Besides knowing and understanding about fats and what your body needs, in order to manage your weight better you also need to be selective on how you will approach the whole process. Below we outline 6 tips that can help you manage the process better:
The scale is your enemy
The daily weighing is the greatest enemy in the process to manage your weight. The secret is to weigh once a week to give yourself the pleasure that you have lost weight and not just grams.
You need to be patient
Everyone wants to lose several pounds quickly! Why is this wrong? Because diets that promise quick weight loss (over 1-2 kilos per week) do not contribute to the reduction of fat, but mostly in unwanted loss of muscle mass. The appropriate rate of weight loss, which ensures the proper nourishment of the body and loss of adipose tissue, is half a kilo a week. Be patient, managing your weight is a process that takes both time and effort.

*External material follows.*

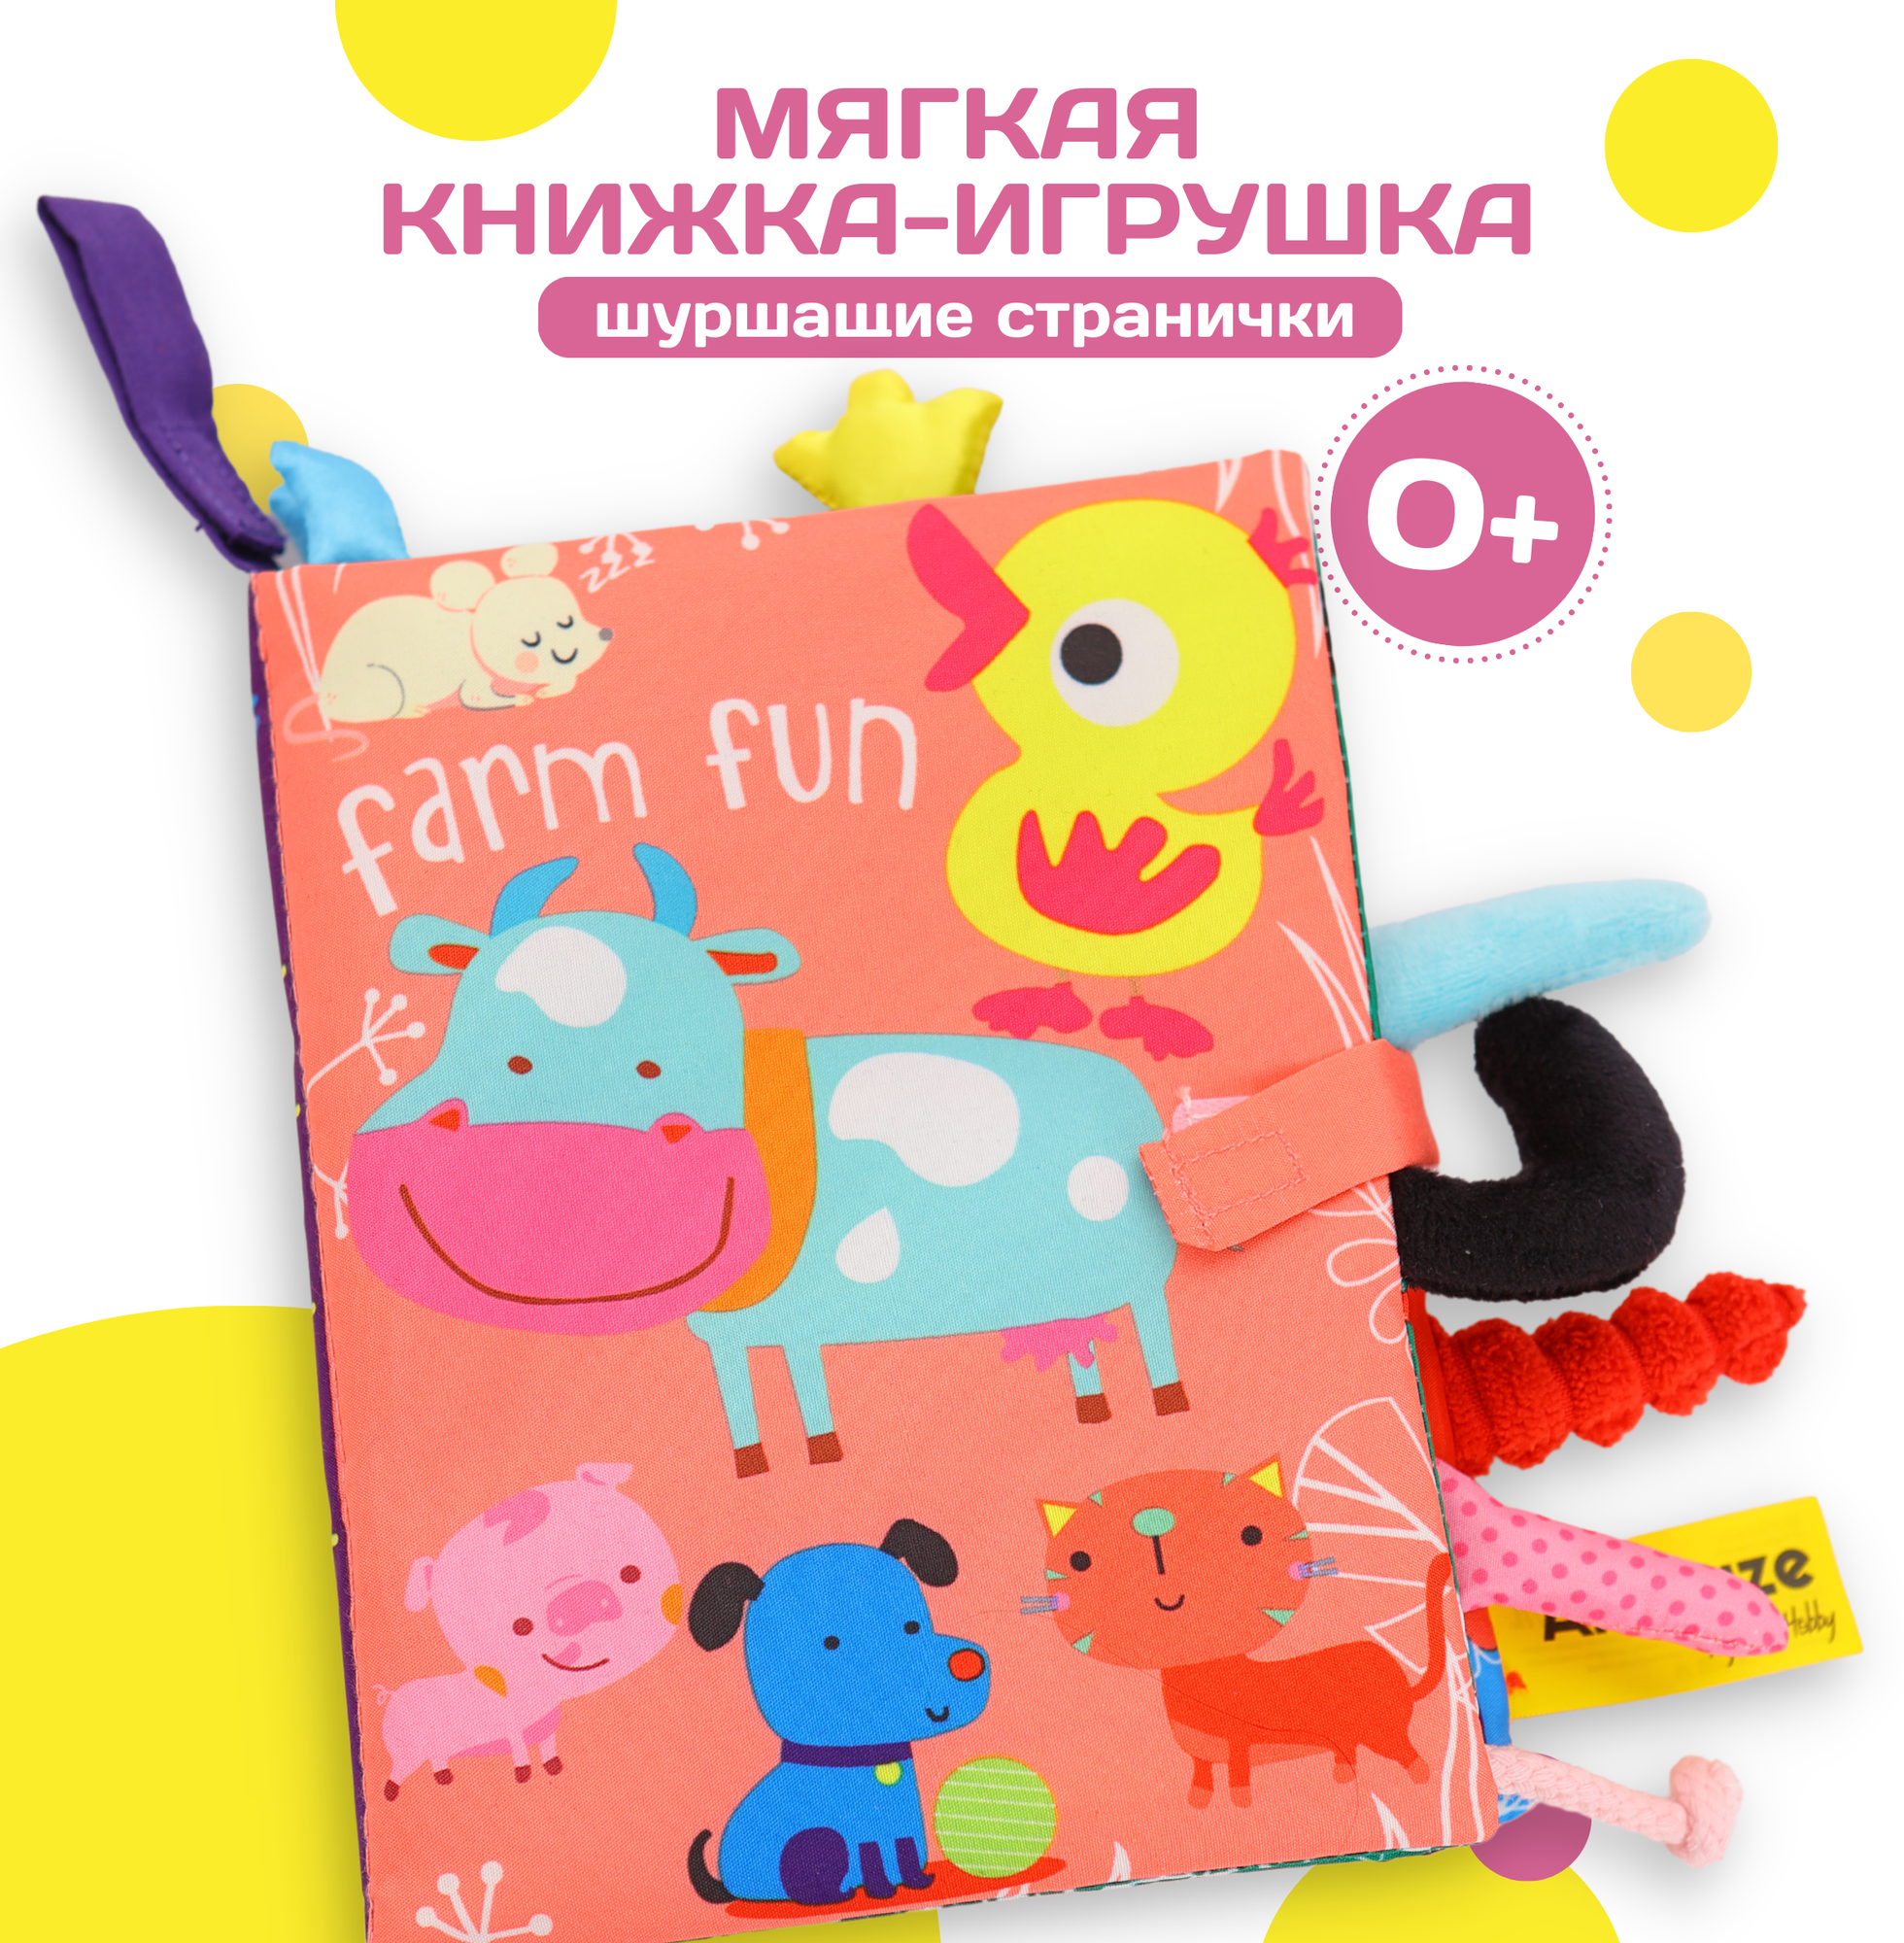 Мягкая развивающая книжка-игрушка для малышей, сенсорная, с шуршащими страницами и хвостами животных Ферма розовая

Choose the right time to start a diet
The diet is certainly causing inconvenience for the organism, so it is recommended to start a diet in a period that you are calm. Conversely, do not do diet in times of family or professional pressure.
All types of foods are needed for a good health
Any diet that completely excludes an entire group of foods (e.g. carbohydrates, proteins) may lead to a loss of weight, but also deprives the body of valuable nutrients (vitamins, minerals, etc.). Moreover, as a rule, the weight loss achieved is temporary.
The combination of diet with some form of mild exercise is always more effective than the diet alone and no exercise. Physical activity prepares the muscles that are the first to be affected from the diet (during weight loss, the body «attacks» the muscles first and then the fat).
To manage your weight you need to have a plan, vision and patience. It requires a lot of hard work but at the end it will make you feel better and healthier.